_Problem requirements:_ Restate word for word the lines of the records below, starting at the line that contains "emanuelemascioni-bornotebook-bpf.jpg" and ending at the line that contains "Chubby creampie porn", with both of those lines included and nothing else.

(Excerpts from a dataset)

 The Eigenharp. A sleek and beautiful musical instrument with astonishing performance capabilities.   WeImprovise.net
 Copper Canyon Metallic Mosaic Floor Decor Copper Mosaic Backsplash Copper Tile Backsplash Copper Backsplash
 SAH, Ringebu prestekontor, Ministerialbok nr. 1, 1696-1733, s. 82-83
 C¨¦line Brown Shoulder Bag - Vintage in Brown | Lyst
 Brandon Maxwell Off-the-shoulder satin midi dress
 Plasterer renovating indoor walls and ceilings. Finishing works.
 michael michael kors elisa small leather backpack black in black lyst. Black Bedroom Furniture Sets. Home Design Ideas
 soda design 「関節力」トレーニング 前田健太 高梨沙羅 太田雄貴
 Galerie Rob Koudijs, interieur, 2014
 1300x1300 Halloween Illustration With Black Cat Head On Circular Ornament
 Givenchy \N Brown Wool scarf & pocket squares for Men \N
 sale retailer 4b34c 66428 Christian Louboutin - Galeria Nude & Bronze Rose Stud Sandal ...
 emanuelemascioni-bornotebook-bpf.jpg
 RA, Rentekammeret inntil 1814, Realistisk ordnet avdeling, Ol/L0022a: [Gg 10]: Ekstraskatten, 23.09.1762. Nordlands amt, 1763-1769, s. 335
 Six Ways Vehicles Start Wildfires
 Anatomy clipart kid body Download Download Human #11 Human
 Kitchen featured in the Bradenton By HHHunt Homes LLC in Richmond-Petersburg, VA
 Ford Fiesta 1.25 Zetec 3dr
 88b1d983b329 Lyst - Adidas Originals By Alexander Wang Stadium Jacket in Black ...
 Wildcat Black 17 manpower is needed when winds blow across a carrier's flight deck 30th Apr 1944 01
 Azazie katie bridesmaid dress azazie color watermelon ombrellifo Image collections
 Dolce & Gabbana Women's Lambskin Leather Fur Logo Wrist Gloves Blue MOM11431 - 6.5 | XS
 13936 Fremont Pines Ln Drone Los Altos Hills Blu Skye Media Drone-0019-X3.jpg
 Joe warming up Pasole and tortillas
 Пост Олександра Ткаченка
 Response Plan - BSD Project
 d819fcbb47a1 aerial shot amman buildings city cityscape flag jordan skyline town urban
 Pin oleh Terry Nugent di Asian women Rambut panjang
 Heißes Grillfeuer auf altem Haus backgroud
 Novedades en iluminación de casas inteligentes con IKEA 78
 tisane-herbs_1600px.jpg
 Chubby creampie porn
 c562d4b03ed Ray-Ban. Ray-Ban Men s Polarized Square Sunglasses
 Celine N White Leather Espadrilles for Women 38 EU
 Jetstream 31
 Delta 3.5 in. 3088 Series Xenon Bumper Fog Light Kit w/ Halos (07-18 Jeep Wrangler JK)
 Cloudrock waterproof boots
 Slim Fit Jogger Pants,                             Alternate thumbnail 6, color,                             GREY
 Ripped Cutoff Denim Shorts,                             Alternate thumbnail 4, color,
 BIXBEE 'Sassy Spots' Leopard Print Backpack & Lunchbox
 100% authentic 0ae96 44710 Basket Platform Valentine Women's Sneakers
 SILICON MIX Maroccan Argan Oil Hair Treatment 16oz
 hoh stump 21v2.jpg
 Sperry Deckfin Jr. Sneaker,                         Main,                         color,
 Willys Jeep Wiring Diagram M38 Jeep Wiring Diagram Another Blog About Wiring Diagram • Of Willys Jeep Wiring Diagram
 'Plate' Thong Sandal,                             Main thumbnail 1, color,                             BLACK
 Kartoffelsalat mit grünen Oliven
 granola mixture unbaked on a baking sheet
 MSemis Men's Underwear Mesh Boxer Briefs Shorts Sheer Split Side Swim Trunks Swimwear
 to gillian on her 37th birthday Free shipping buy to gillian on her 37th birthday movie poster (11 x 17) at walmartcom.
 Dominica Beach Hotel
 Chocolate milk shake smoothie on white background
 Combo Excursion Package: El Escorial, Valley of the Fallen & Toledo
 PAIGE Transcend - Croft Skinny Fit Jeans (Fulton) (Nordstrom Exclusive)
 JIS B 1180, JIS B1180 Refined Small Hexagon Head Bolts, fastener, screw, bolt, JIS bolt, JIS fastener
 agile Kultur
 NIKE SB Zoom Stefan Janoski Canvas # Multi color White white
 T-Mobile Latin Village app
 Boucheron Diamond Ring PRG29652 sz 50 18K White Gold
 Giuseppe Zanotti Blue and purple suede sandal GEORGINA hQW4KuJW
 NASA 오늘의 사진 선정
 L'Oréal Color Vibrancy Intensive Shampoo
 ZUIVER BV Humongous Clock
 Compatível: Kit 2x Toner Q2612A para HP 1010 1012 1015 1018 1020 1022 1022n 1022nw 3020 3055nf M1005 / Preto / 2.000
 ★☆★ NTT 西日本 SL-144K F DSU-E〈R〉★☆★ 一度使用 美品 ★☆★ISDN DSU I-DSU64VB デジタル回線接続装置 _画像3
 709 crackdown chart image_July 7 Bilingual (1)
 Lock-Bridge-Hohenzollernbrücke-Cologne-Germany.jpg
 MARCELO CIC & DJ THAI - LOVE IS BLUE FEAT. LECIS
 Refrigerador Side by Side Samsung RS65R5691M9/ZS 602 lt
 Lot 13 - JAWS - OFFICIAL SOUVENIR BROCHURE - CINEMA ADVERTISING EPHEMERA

_Answer box:_
 emanuelemascioni-bornotebook-bpf.jpg
 RA, Rentekammeret inntil 1814, Realistisk ordnet avdeling, Ol/L0022a: [Gg 10]: Ekstraskatten, 23.09.1762. Nordlands amt, 1763-1769, s. 335
 Six Ways Vehicles Start Wildfires
 Anatomy clipart kid body Download Download Human #11 Human
 Kitchen featured in the Bradenton By HHHunt Homes LLC in Richmond-Petersburg, VA
 Ford Fiesta 1.25 Zetec 3dr
 88b1d983b329 Lyst - Adidas Originals By Alexander Wang Stadium Jacket in Black ...
 Wildcat Black 17 manpower is needed when winds blow across a carrier's flight deck 30th Apr 1944 01
 Azazie katie bridesmaid dress azazie color watermelon ombrellifo Image collections
 Dolce & Gabbana Women's Lambskin Leather Fur Logo Wrist Gloves Blue MOM11431 - 6.5 | XS
 13936 Fremont Pines Ln Drone Los Altos Hills Blu Skye Media Drone-0019-X3.jpg
 Joe warming up Pasole and tortillas
 Пост Олександра Ткаченка
 Response Plan - BSD Project
 d819fcbb47a1 aerial shot amman buildings city cityscape flag jordan skyline town urban
 Pin oleh Terry Nugent di Asian women Rambut panjang
 Heißes Grillfeuer auf altem Haus backgroud
 Novedades en iluminación de casas inteligentes con IKEA 78
 tisane-herbs_1600px.jpg
 Chubby creampie porn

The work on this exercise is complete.